Nita memang dari dulu suka sama Kak Dimas tp Kak Dimasnya aja yang nggak peka sama perasaan Nita,tapi aku juga mau bagaimana lagi waktu itu kan hanya ada Kak Dimas yang bisa membantu aku,aku memutuskan untuk menceritakan kejadian yang sebenarnya kepada Salma dan akhirnya Salma mau mengerti keadaanku saat itu dan aku meminta tolong kepada Salma untuk menjelaskan semuanya ke Nita "Sal tolongin aku ya tolong jelasin ini semua ke Nita ceritakan kejadian ini yang sebenarnya kalau ini cuma salah paham"ujarku, "iya putt aku usahain untuk menolong kamu"jawab Salma "Makasi ya Sal" jawabku, "iyha sama-sama Put"jawabnya.

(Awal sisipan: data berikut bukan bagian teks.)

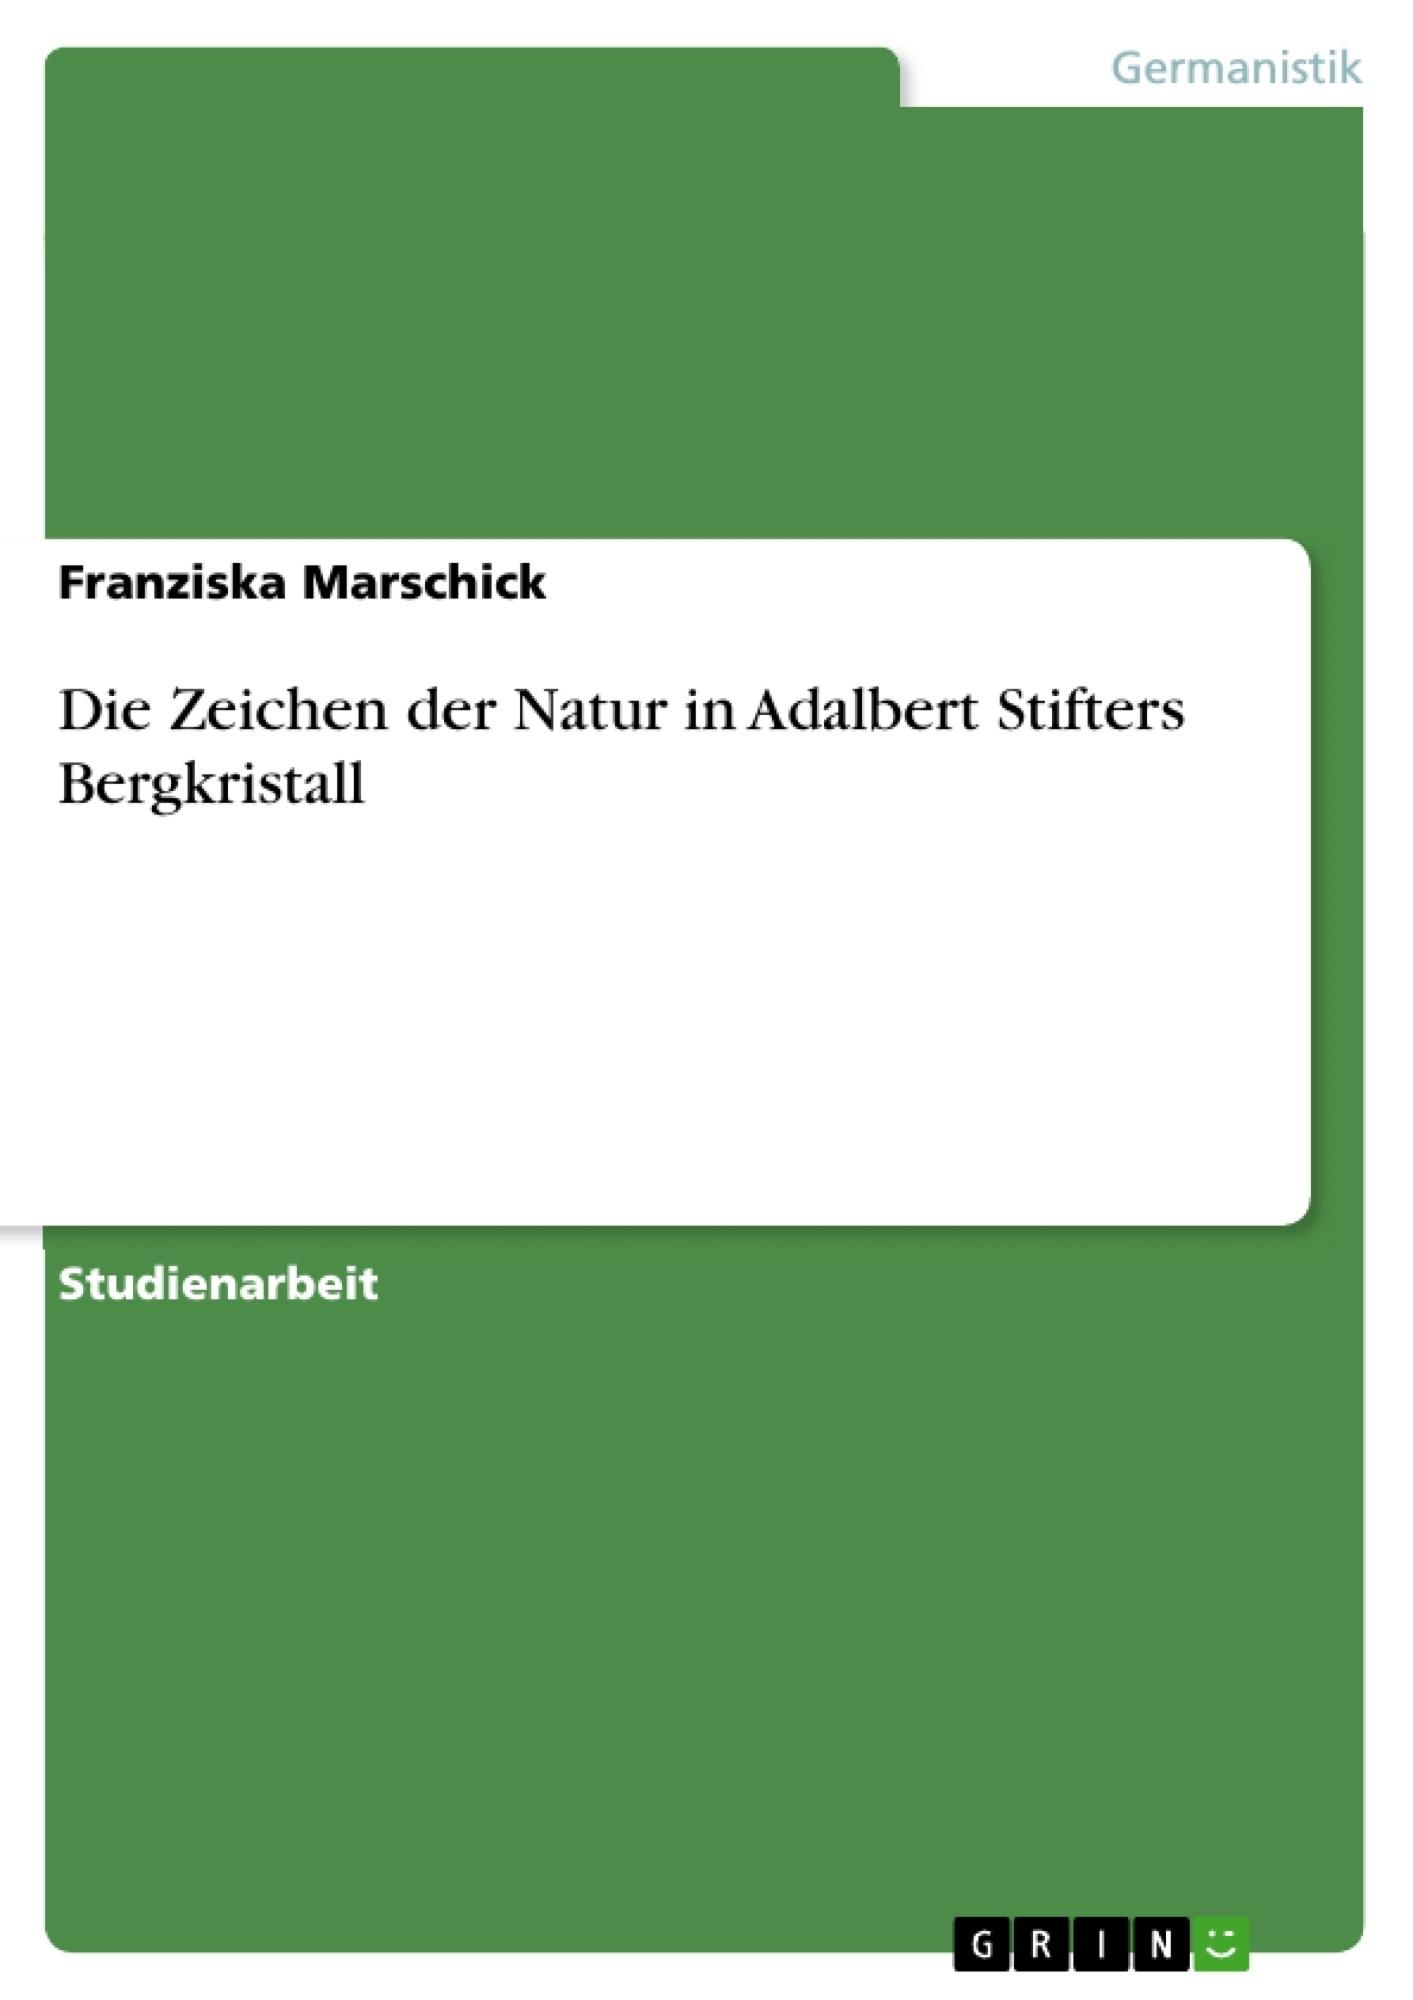 Titel: Die Zeichen der Natur in Adalbert Stifters Bergkristall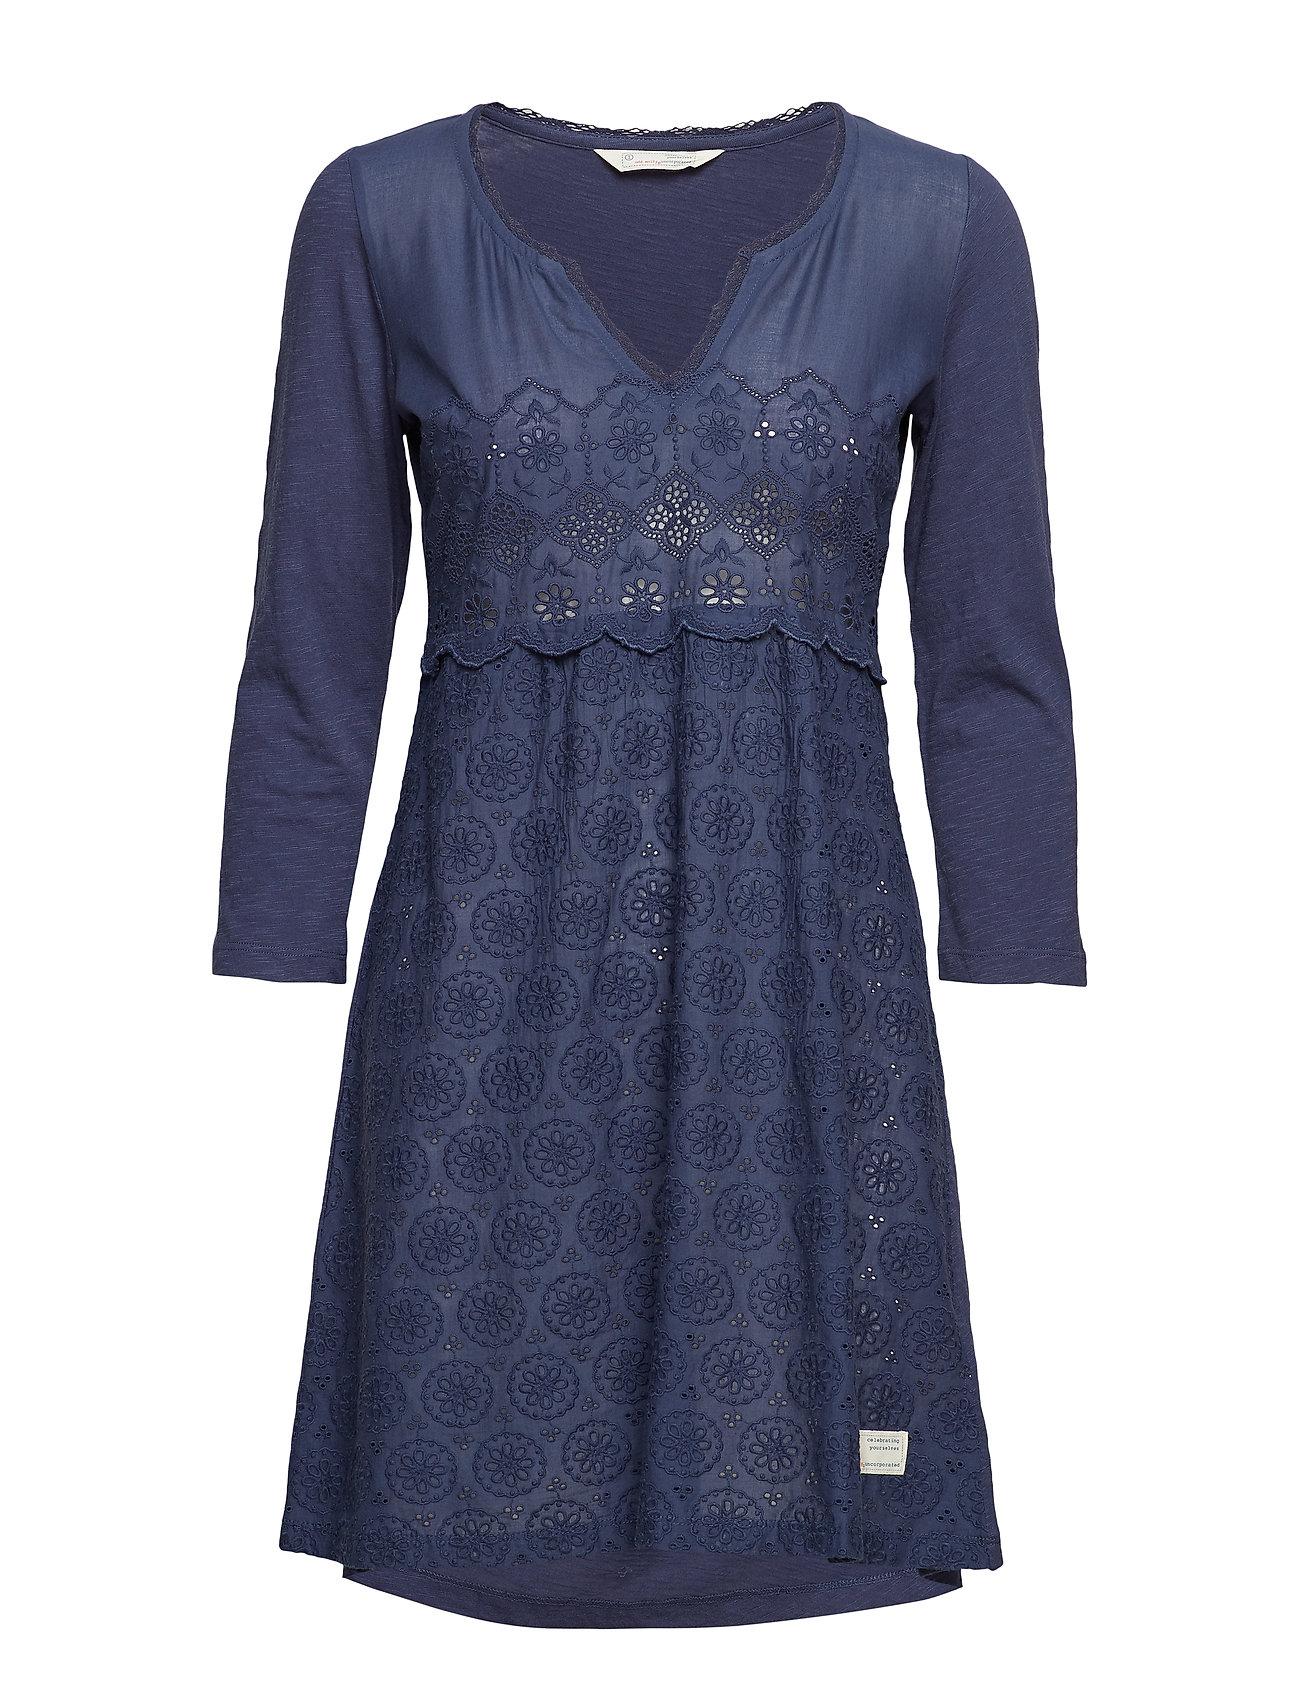 Circular Dressdark Circular BlueOdd Molly Molly Dressdark BlueOdd Dressdark Circular Molly Circular BlueOdd 6gfvIYyb7

Aku heran dan berpikir bagaimana Nita bisa tau kalau aku kemarin sama Kak Dimas "ehh sal Nita tau kalau aku kemarin sama Kak Dimas dari siapa?"tanyaku pada Salma "katanya tadi sih ada yang ngefoto kamu sedang boncengan sama Kak Dimas terus foto itu dikirim ke Nita,tp Nita nggak ngomong siapa yang ngirim"jawabnya.
Akhirnya jam pulang sekolah telah tiba dan Nita masih marah ke padaku.Sesampainya dirumah aku menerima pesan dari Salma "Put Nita nggak mau mendengar penjelasan dari kamu,saat aku ngejelasin dia malah pergi" isi pesan Salma.Aku pun jadi bingung harus bagaimana..akhirnya aku memutuskan untuk menelvonnya dan menjelaskannya sendiri "tutt...tutt...tutt.." udah 3 kali aku menelvon Nita tetapi Nita tidak mengangkatnya tp aku tidak putus asa untuk menelvonnya aku terus mencoba menelvonnya, dan akhirnya sudah ke berapa kali aku menelvonnya akhirnya diangkat juga " halo nit maafin aku... ini cuma salah paham nit" Nita pun masih tetap diam dan akhirnya aku langsung ngejelasin semua kejadian yang sebenarnya,setelah aku menjelaskan semua kejadian itu akhirnya Nita mau memafkan aku "Iya Put maafin aku juga ya aku udah nggak mau mendengar penjelasan kamu"Ujar Nita.
Akhirnya kita pun baikan lagi dan masalah ini kita jadikan pelajaran bahwa suatu masalah tidak akan cepat selesai tanpa adanya penjelasan.